Mayor Quinton Lucas’s office provided renderings of what the project will eventually look like after the developers, Flaherty & Collins and Twelfth Street Heritage Corporation, break ground this summer.
Dwayne Williams is the President and CEO of Twelfth Street, and he described what this development will do for Kansas City’s east side.
“The thing that I’m excited the most about is the transformation that’s going to take place, not just here in the 18th and Vine District, which is an absolutely amazing thought, but the transformation that will take place throughout the third district,” Williams said. “This is bigger than just Parade Park. I think anytime you drop $400 million into an area, it gives us an opportunity for Renaissance.”
The plan is to produce nearly 1,100 housing units – 465 are affordable at 30 percent to 60 percent area median income (AMI), 560 workforce 60 percent to 80 percent (AMI) and 60 units for sale.
When you add all of that together, it significantly increases housing from the original 510 townhomes.

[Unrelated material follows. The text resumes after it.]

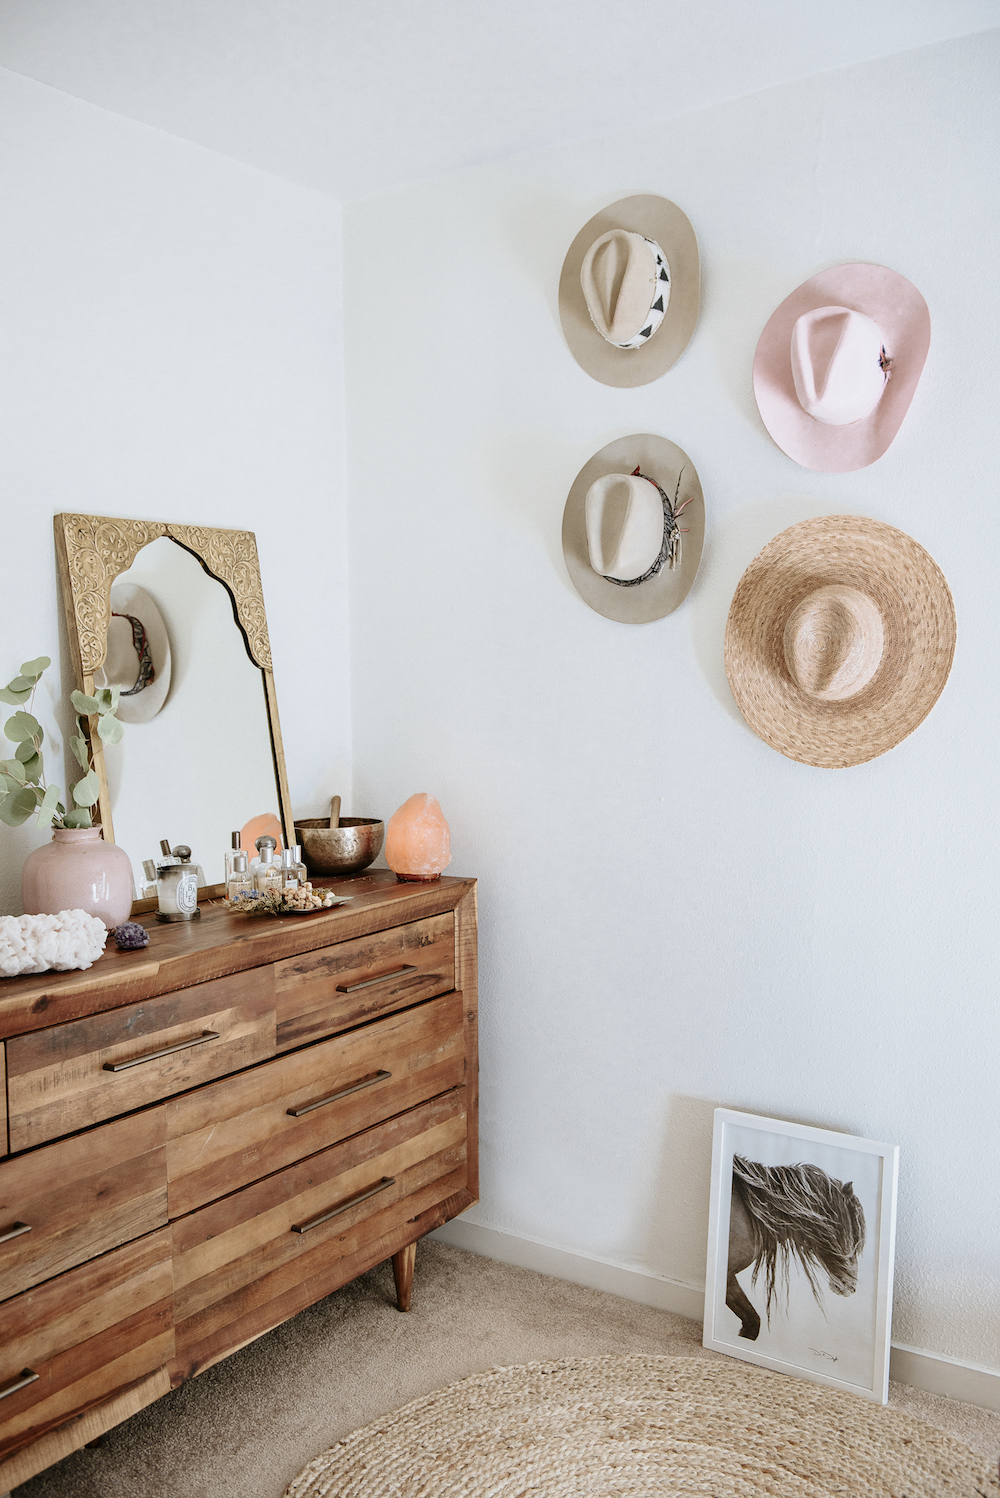 neutral decor, hats on wall decor

Williams aims to have the first phase completed by 2027.
“I think this is the catalyst to start a lot of economic development in this area,” Williams said.
The ownership part of a revitalized Parade Park is significant to Kansas City’s history, according to Alexis Williams, Twelfth Street’s director of operations.

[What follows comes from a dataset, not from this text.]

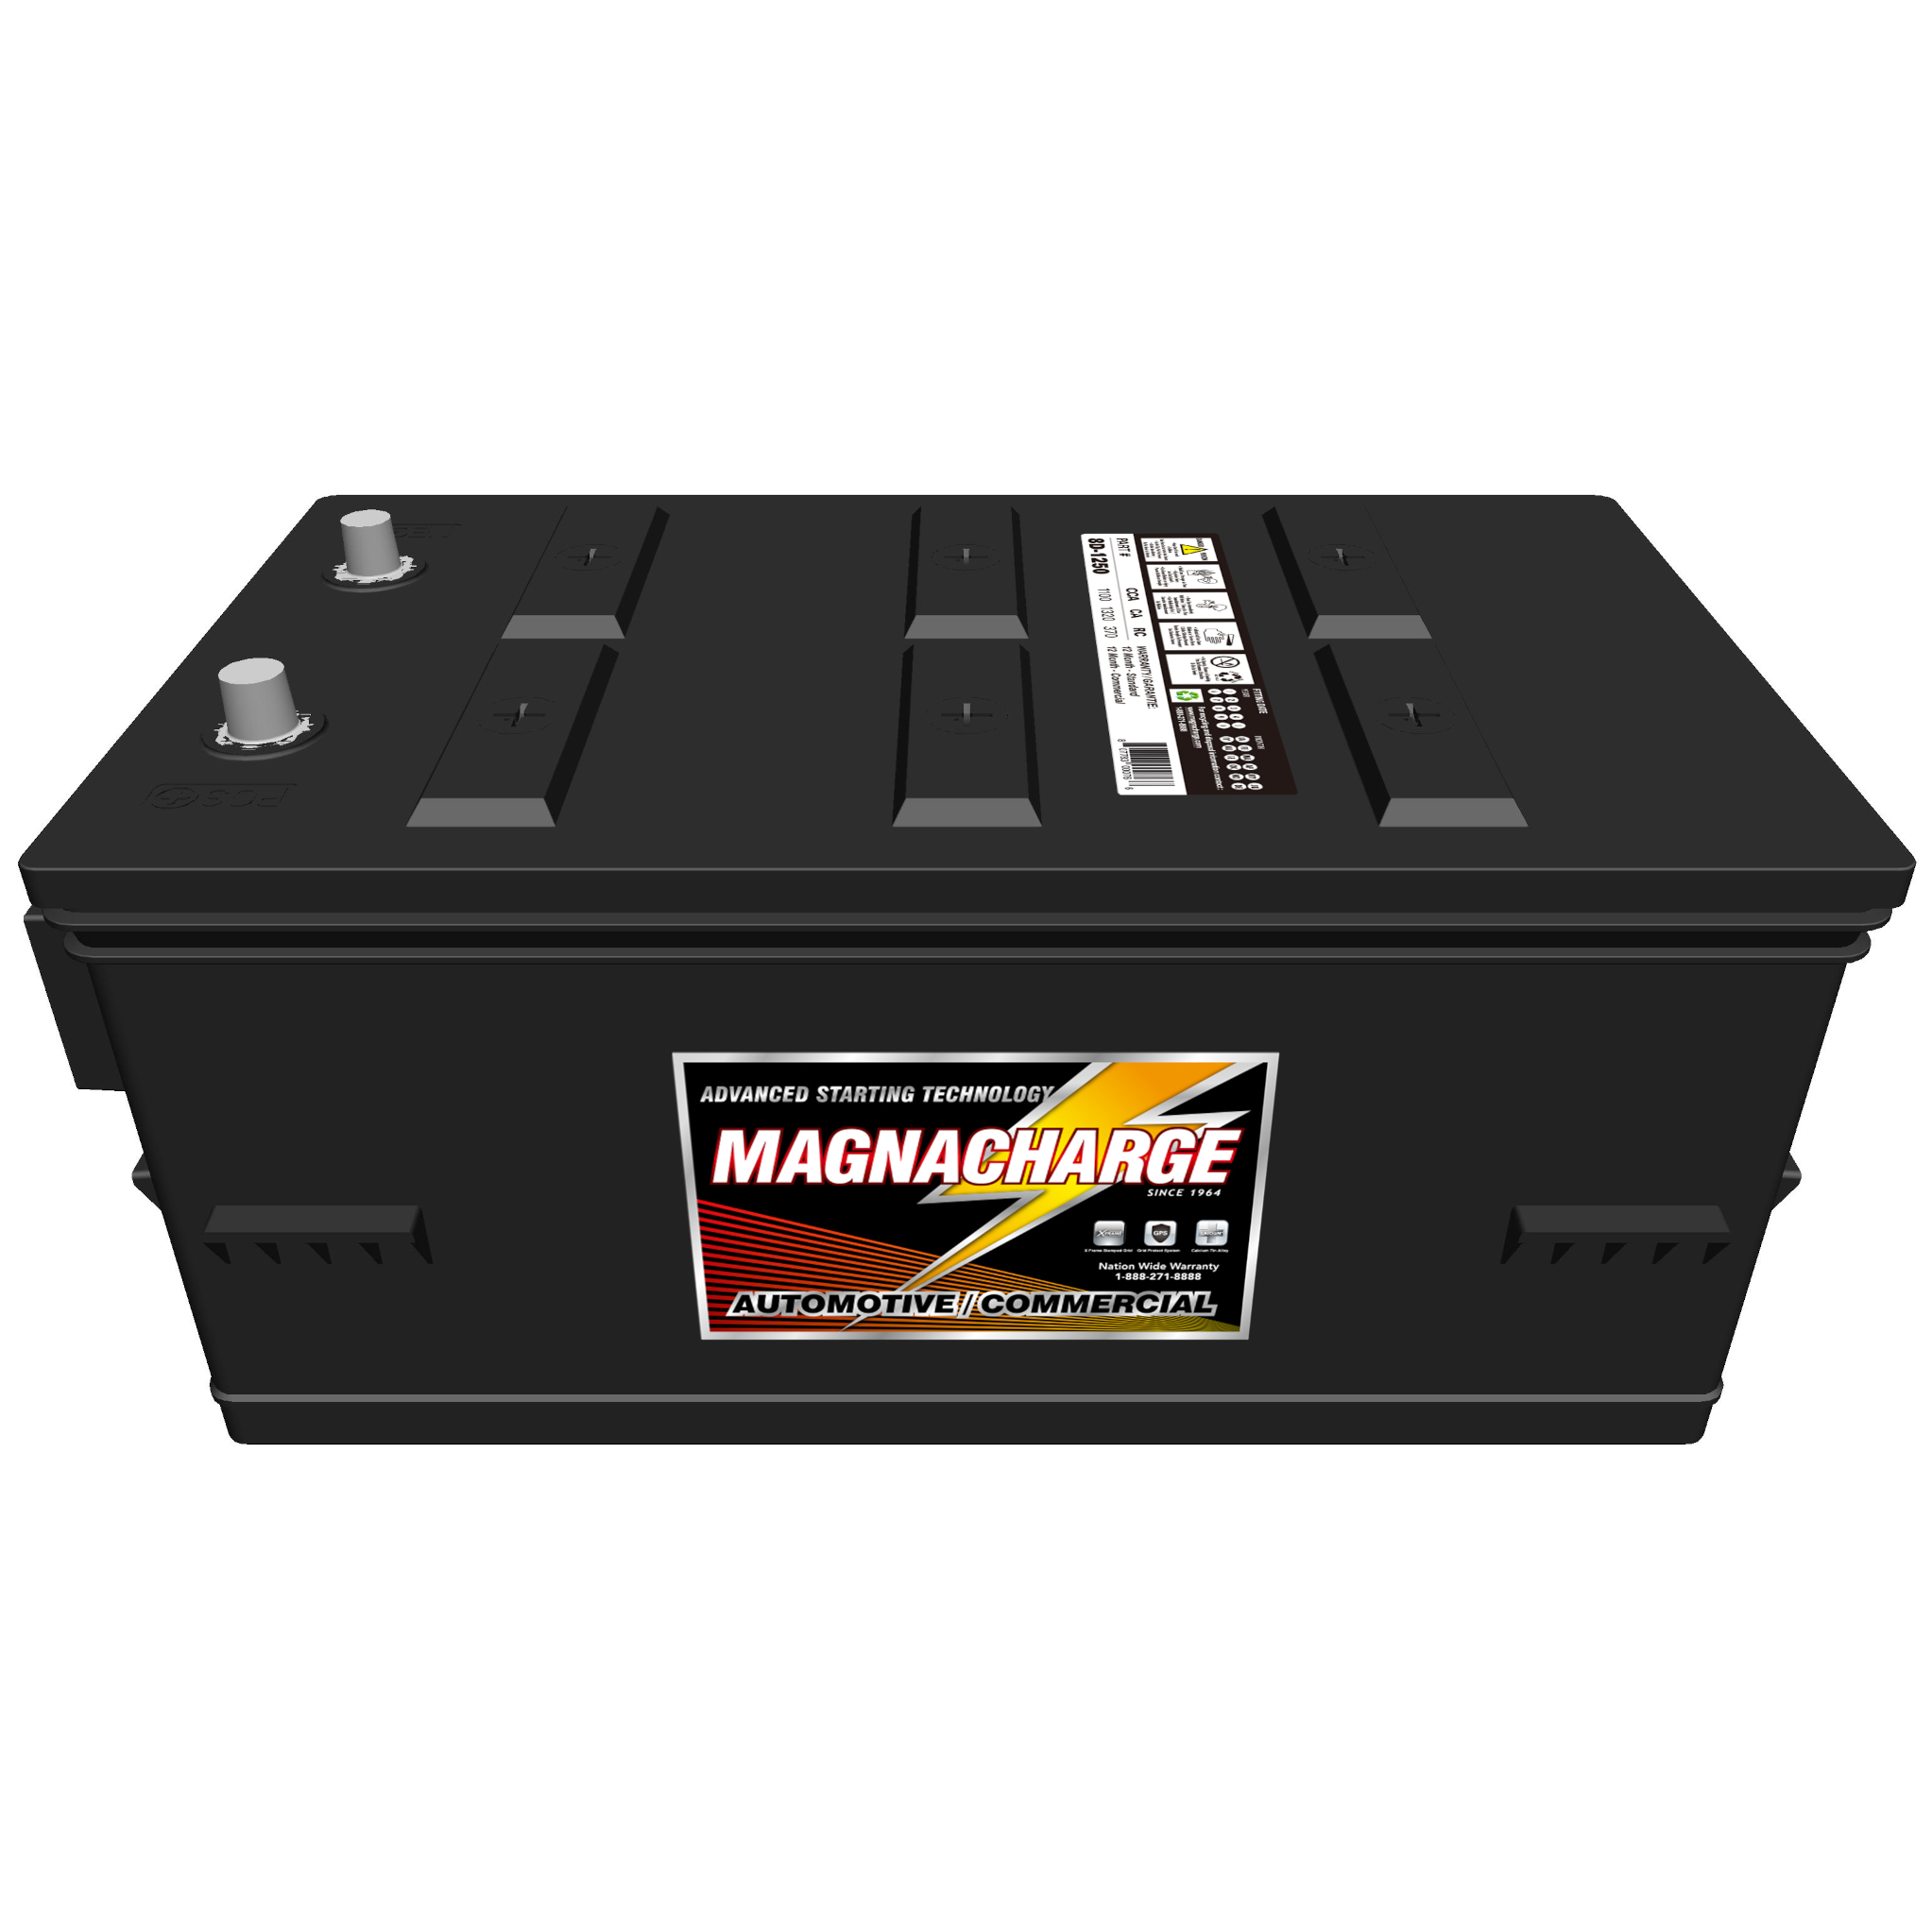 Magnacharge 8D-1250 Group 8D Truck Battery

“Parade Park was originally the first black co-op in the United States, and so now we’re trying to bring that sense of community back,” Alexis Williams said. “The whole idea of a co-op is so people could own something, and this was the first thing that a lot of black people owned in Kansas City, so we wanted to bring that piece back, and that’ll be available in the second phase.”

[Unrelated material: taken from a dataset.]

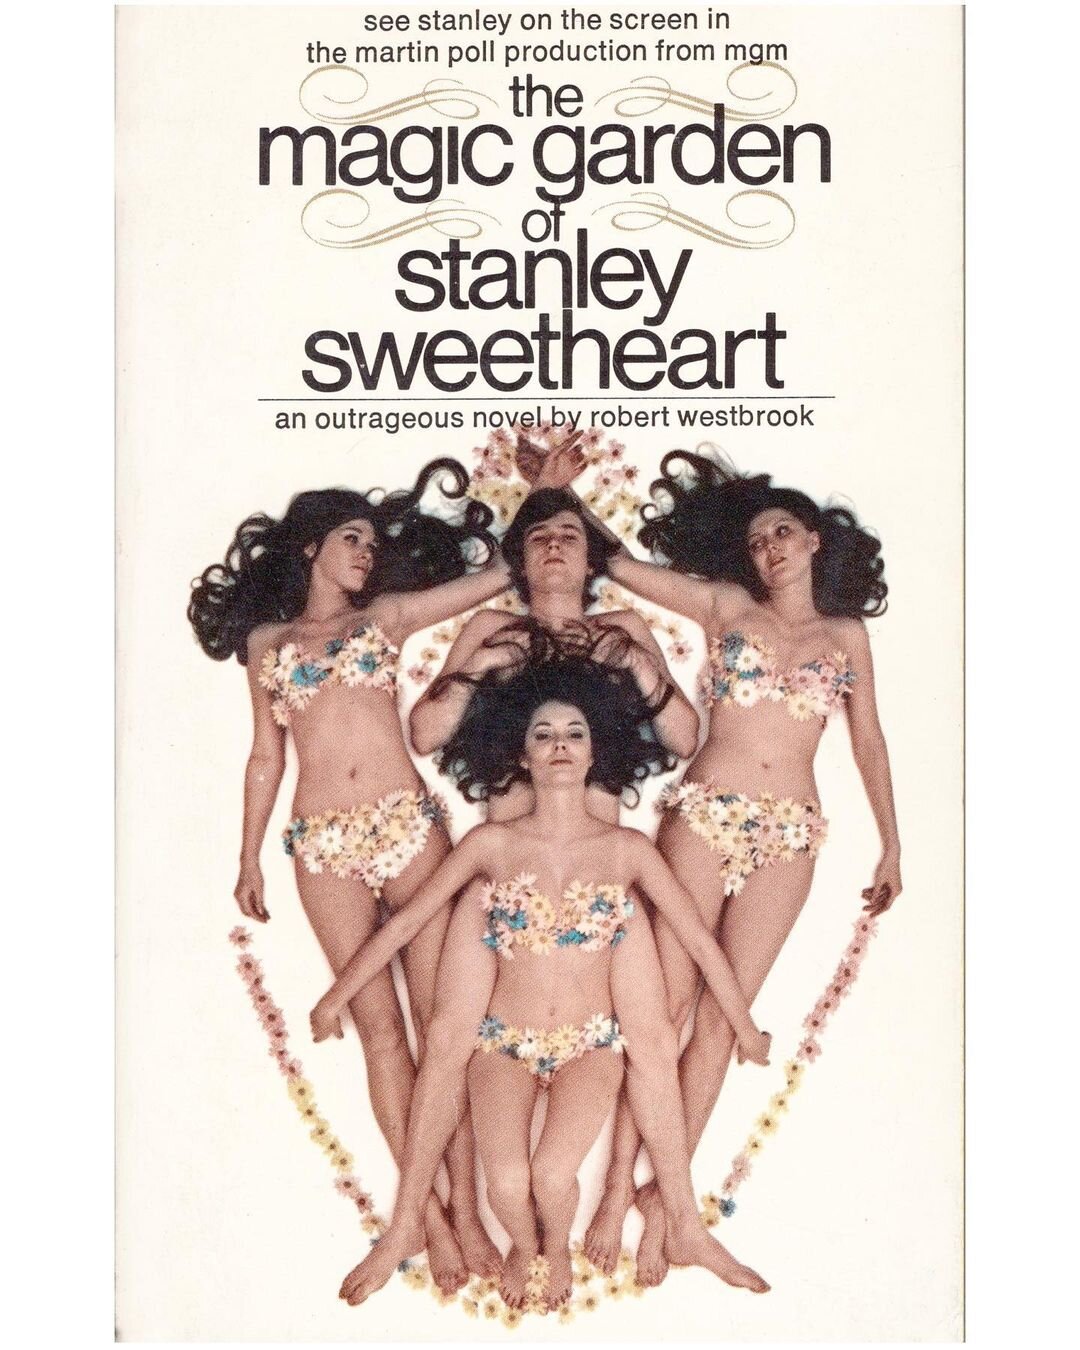 The Magic Garden of Stanley Sweetheart, 1970

Congressman Emmanuel Cleaver II has played a part in helping with the financing by securing around $15 million in federal dollars. That has also meant the developers have to follow standards set by Housing and Urban Development (HUD) when it comes to relocating families that are currently living in Parade Park.
Kansas City purchased the townhomes around a year ago in a foreclosure sale after living conditions had deteriorated greatly in recent years, and that’s when they brought in Flaherty & Collins and Twelfth Street.
“We got this from HUD, so there are some requirements, and that was relocation,” Alexis Williams said. “We’ve moved people off site – we’ve paid for that, some people even have purchased houses – that was important. But the one thing (they all) get is the first right to return, so not only are we moving them to a better place temporarily, we’re working with other apartments around here, other developers, so we’re kind of spreading the wealth through the community right now as we try to relocate.”